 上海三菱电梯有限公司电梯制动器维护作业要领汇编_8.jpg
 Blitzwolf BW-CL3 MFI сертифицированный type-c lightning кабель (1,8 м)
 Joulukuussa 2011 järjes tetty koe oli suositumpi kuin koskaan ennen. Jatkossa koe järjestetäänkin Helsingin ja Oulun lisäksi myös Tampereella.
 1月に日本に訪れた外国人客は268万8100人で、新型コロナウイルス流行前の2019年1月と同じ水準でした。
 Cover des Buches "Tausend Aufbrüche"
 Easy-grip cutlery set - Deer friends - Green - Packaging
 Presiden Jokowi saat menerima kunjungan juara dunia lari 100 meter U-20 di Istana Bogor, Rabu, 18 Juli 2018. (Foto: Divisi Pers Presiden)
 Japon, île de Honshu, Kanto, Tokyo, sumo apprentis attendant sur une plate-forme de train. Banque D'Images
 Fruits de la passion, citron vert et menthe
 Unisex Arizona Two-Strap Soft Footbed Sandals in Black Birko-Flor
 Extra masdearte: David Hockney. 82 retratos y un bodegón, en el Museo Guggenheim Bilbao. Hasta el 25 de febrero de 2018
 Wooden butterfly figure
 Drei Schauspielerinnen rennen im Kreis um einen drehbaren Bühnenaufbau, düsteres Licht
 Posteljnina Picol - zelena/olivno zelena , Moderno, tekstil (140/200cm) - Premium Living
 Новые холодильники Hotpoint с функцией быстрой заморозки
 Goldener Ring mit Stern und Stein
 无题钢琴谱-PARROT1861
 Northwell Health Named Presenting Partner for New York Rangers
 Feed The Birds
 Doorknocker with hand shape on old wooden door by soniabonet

WHAT THE TASK ASKS
Restating every entry above word for word is the whole task.

WRITTEN SOLUTION
 上海三菱电梯有限公司电梯制动器维护作业要领汇编_8.jpg
 Blitzwolf BW-CL3 MFI сертифицированный type-c lightning кабель (1,8 м)
 Joulukuussa 2011 järjes tetty koe oli suositumpi kuin koskaan ennen. Jatkossa koe järjestetäänkin Helsingin ja Oulun lisäksi myös Tampereella.
 1月に日本に訪れた外国人客は268万8100人で、新型コロナウイルス流行前の2019年1月と同じ水準でした。
 Cover des Buches "Tausend Aufbrüche"
 Easy-grip cutlery set - Deer friends - Green - Packaging
 Presiden Jokowi saat menerima kunjungan juara dunia lari 100 meter U-20 di Istana Bogor, Rabu, 18 Juli 2018. (Foto: Divisi Pers Presiden)
 Japon, île de Honshu, Kanto, Tokyo, sumo apprentis attendant sur une plate-forme de train. Banque D'Images
 Fruits de la passion, citron vert et menthe
 Unisex Arizona Two-Strap Soft Footbed Sandals in Black Birko-Flor
 Extra masdearte: David Hockney. 82 retratos y un bodegón, en el Museo Guggenheim Bilbao. Hasta el 25 de febrero de 2018
 Wooden butterfly figure
 Drei Schauspielerinnen rennen im Kreis um einen drehbaren Bühnenaufbau, düsteres Licht
 Posteljnina Picol - zelena/olivno zelena , Moderno, tekstil (140/200cm) - Premium Living
 Новые холодильники Hotpoint с функцией быстрой заморозки
 Goldener Ring mit Stern und Stein
 无题钢琴谱-PARROT1861
 Northwell Health Named Presenting Partner for New York Rangers
 Feed The Birds
 Doorknocker with hand shape on old wooden door by soniabonet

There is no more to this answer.